March 28, 2022
Those who have been fans of Buzzle (formerly q&ai) from the very beginning (all 3 of them) know that we didn’t start with our current focus area - analytics and intelligence from recorded sales conversations. In fact, something that many can attest to, our YC partners chief among them, is that we’ve iterated from one idea to the next. Yet, the surprising thing is that while progressing on that journey, the core philosophy that motivates much of what we do today remains the same.
One of the most critical elements of our research in educational technology & NLP (Natural Language Processing) was the fact that we wanted to build an ML-centric solution that didn’t target completion but rather focused on evaluating understanding.
In an education system that’s basement, first floor and second floor are all built from bricks of grades and report card mortar, the natural evolution has turned to a completion oriented mindset. Information flows through students and the objective isn’t necessarily understanding but rather memorization for the sake of completing the next homework assignment.
In education, understanding can be viewed as a process by which the student creates a personal meaning or representation of what is being experienced. - Gary Jeffery, Memorial University of Newfoundland - Faculty of Education
While we didn’t see a realistic opportunity to shift this entire mentality, we did consider, how can we augment current practices to reinforce and encourage understanding?
So, Buzzle began as a tutee. We built a solution for students to tap into and for teachers to configure through which a student could explain concepts to our agent. By replacing or augmenting their existing completion centric assignments or studying habits with interacting with Buzzle, students were able to simultaneously able to complete work while reinforcing and understanding material. Teachers tuned our models with relevant subject matter, and students explained concepts to the agent. In turn, Buzzle would ask appropriate follow up questions, naturally designed to help the student fill in any knowledge gaps identified by the solution.
These efforts ultimately led to a paper published at NeurIPS2018.
In the world of product intel, customer voice and evaluating messaging, there is no such thing as completion. Every single piece of feedback and evaluation is centrally built upon a foundation of understanding: understanding how the customer feels, understanding how the customer responds and understanding what the customer wants.
The issue that persists is that the mechanisms by which gathering this understanding is difficult. Extracting and evaluating one’s understanding is a fundamentally human action, and in the world or revenue, marketing and product, this means biased, time consuming sync ups with the sales team.
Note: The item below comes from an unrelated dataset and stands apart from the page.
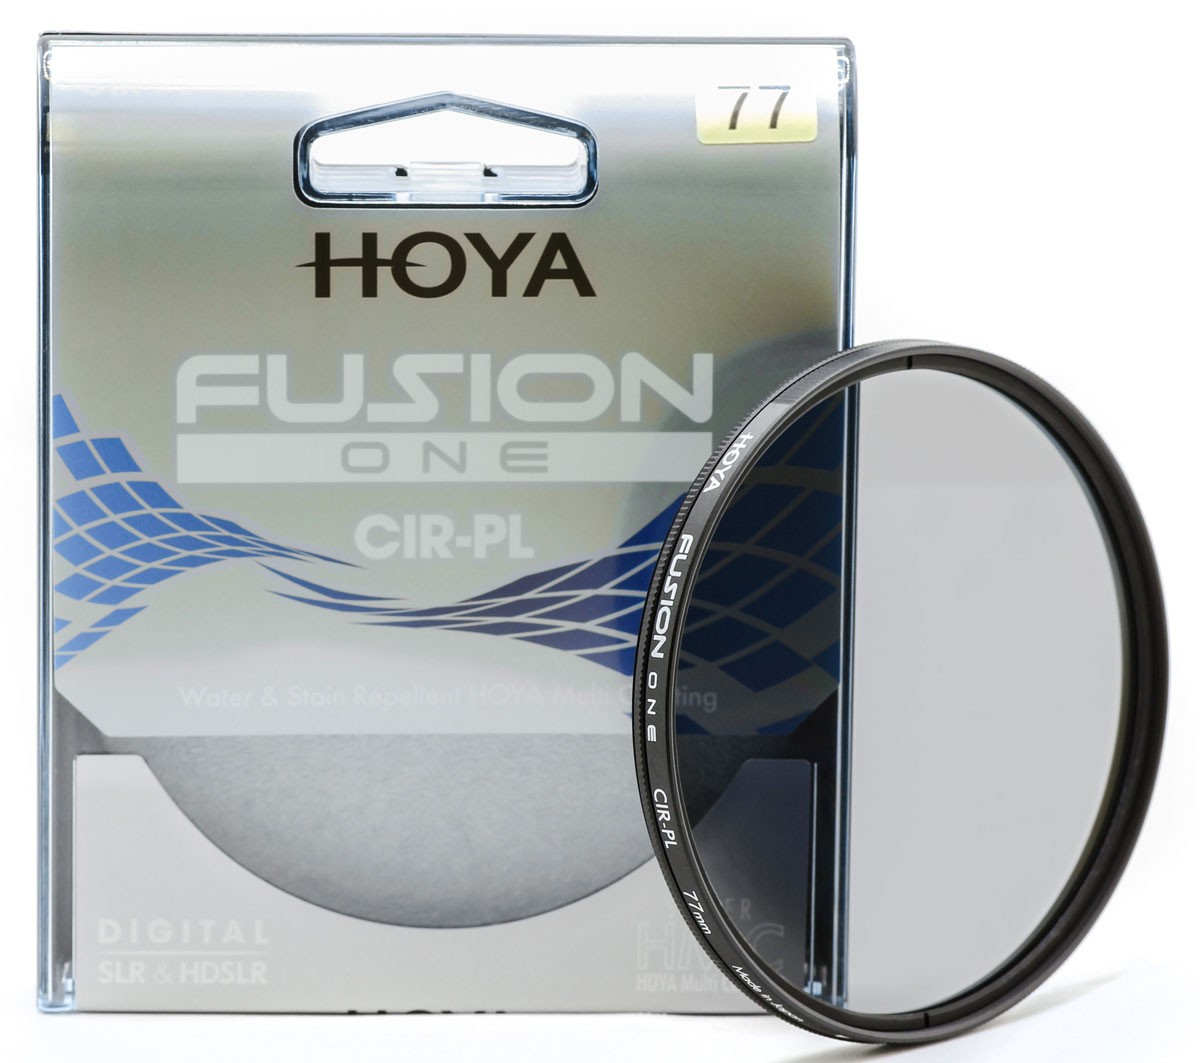 Hoya fusion one cpl

So, as we took our trip through investor world and began the YC sprint, we started seeking out opportunities to apply our core solution in alternative application areas. The options were limited and not obvious at first. Until we heard about call recordings specifically from the perspective of a product manager:
“We have thousands of hours of recorded customer voice but don’t have the time to listen”
Imagine? Companies spend hundreds of thousands of dollars to capture VOC or Win/Loss data and feedback on marketing, messaging and positioning. Additionally, there was now this body of recorded customer voice with all of these answers - just locked up. What was the need? A bridge or conduit between these recorded conversations and the answers locked within.
The bridge? A solution that helps capture and evaluate knowledge in natural language data. Which sounded exactly like Buzzle.
Right now, no where. We’re abundantly aware of the fact that we’re just beginning to scratch the surface of what’s possible with this type of intelligence generation and remain blindly dedicated to improving our machine learning capability. We want to understand better, unlock deeper insights and empower faster.
However, beyond this door exists another, and another one after that. We’re just scratching the surface. The interesting thing about the idea of knowledge identification in this space is that it is just one channel through which knowledge appears. There are opportunities to contextualize and accentuate captured information with a number of datasource.
How does the pain described by a customer relate to their recorded user? To the information that’s found in outward facing marketing materials? To their support tickets? There’s an opportunity to further contextualize this knowledge, and we can’t wait till we get there!